Your assignment: The answer must be the full data, restated word for word, with no pictures in it.

Information shown:
────────────────
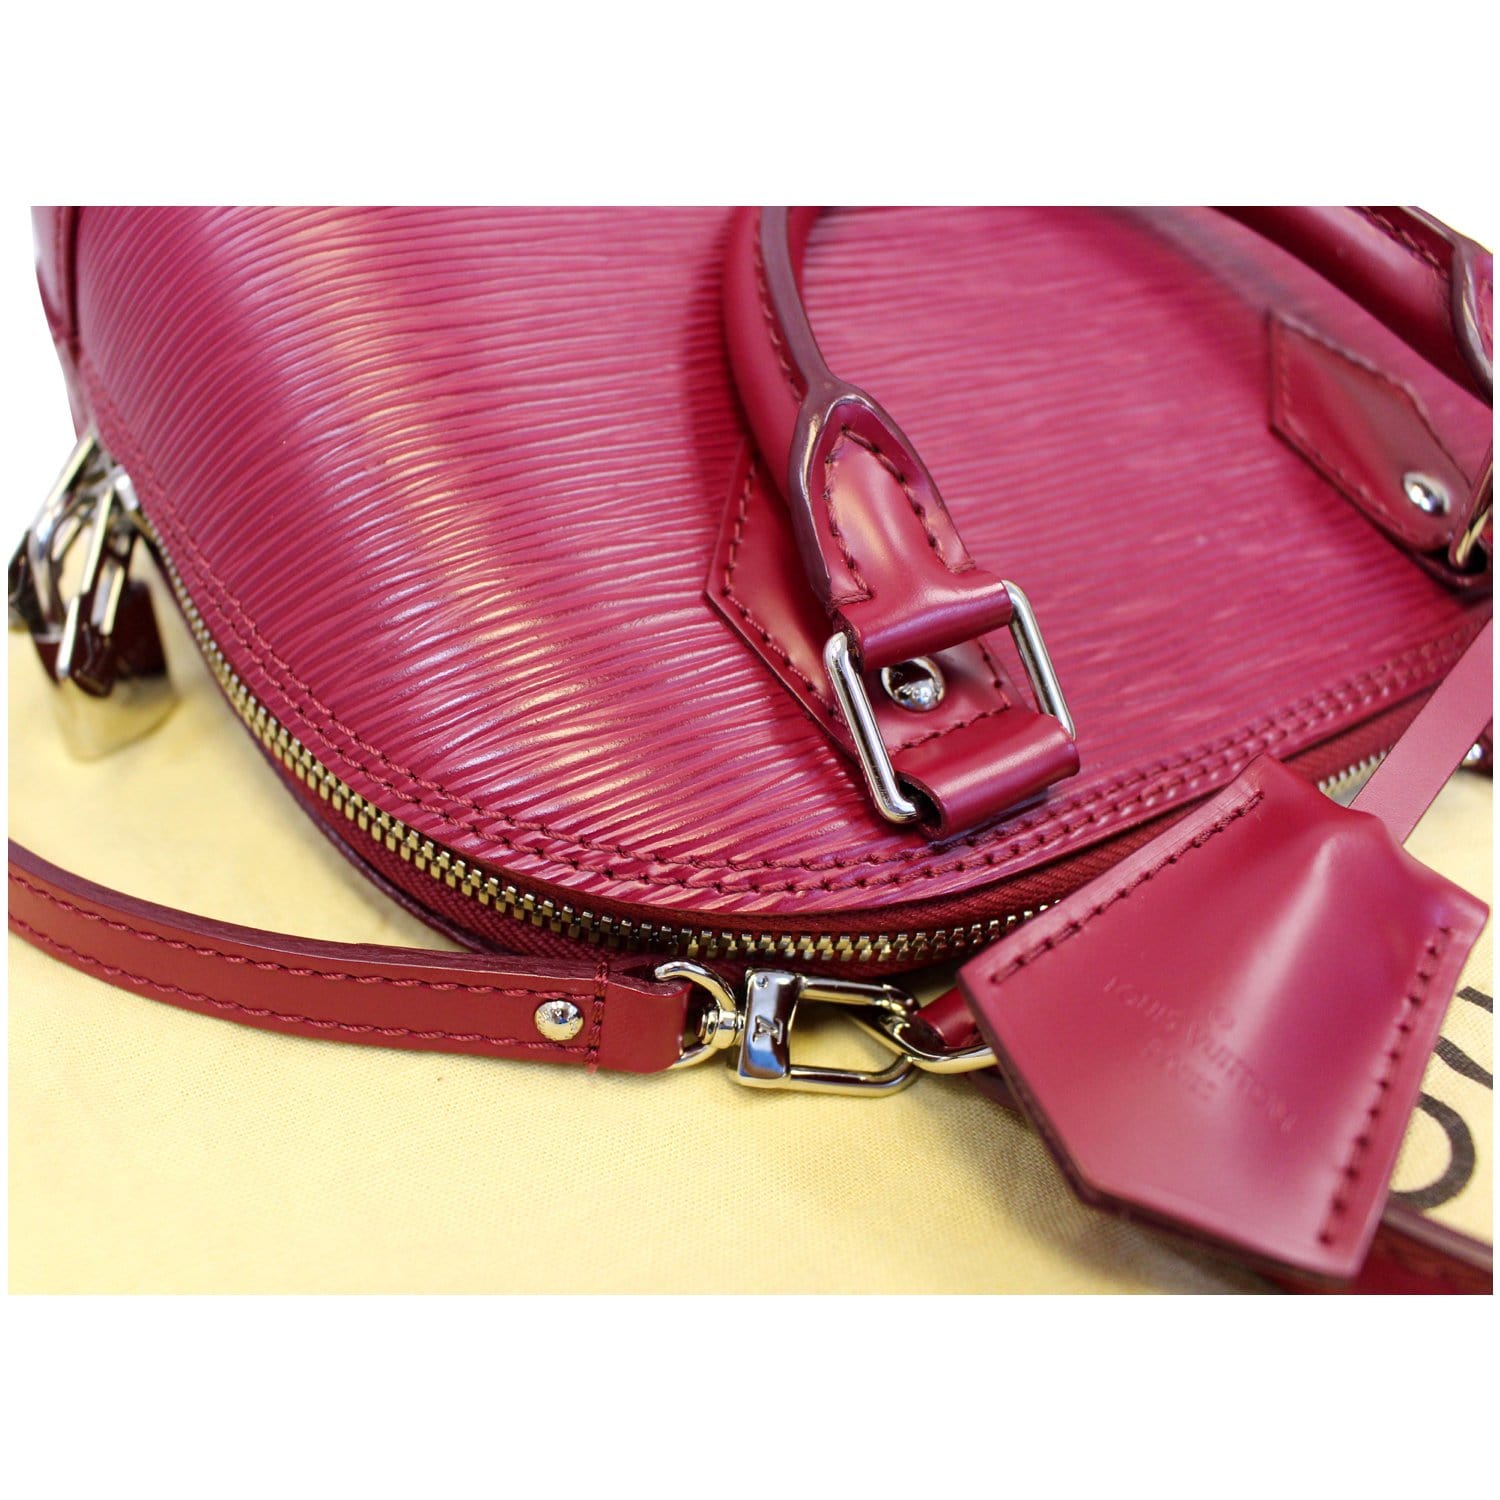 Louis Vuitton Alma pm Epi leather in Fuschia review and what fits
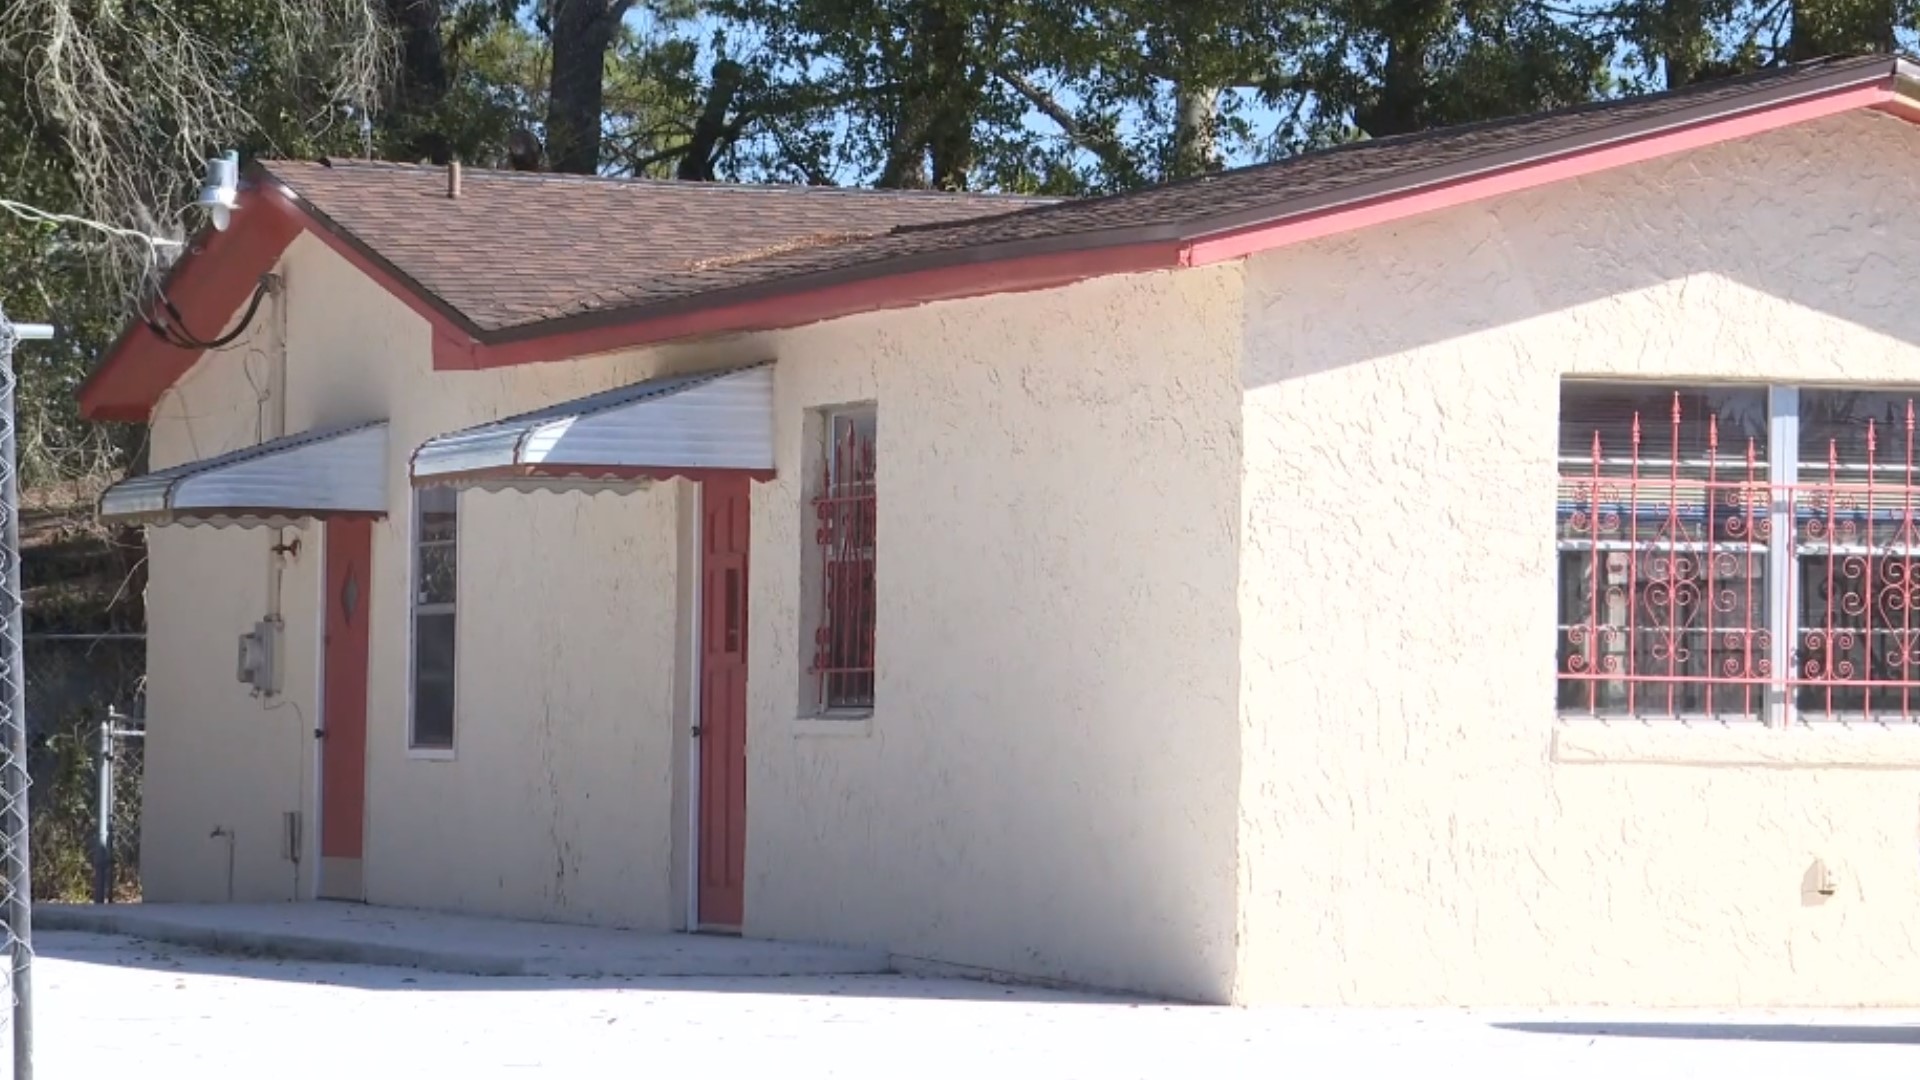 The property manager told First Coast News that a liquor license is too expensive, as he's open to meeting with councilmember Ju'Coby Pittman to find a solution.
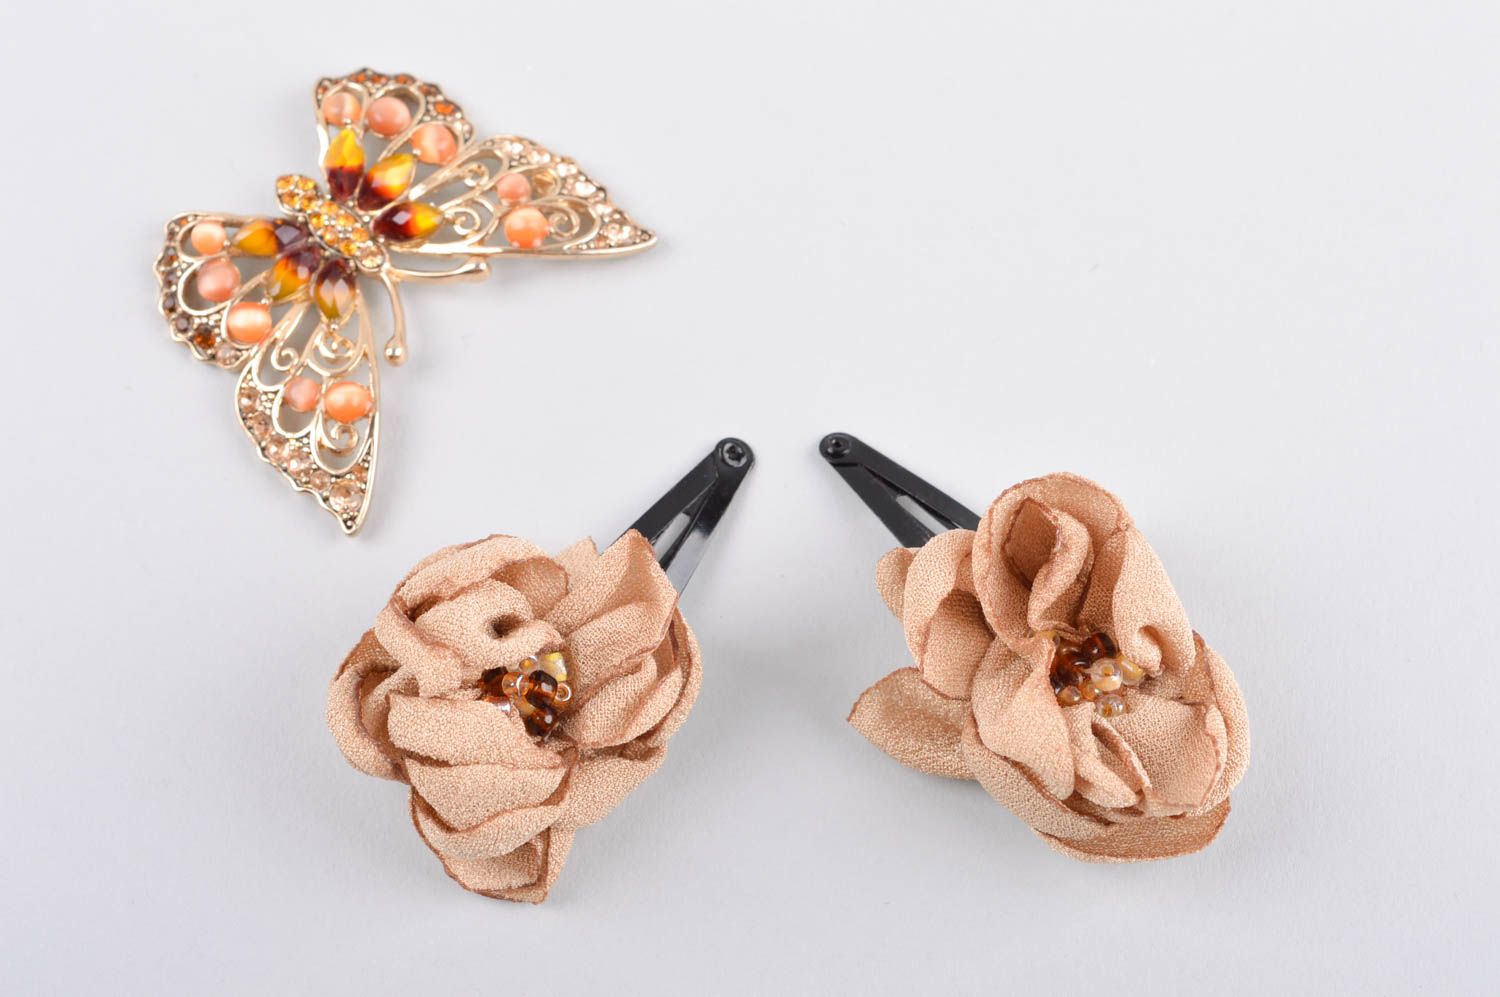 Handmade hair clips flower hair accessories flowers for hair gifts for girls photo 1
────────────────
Reply to the task:
 Louis Vuitton Alma pm Epi leather in Fuschia review and what fits
 The property manager told First Coast News that a liquor license is too expensive, as he's open to meeting with councilmember Ju'Coby Pittman to find a solution.
 Handmade hair clips flower hair accessories flowers for hair gifts for girls photo 1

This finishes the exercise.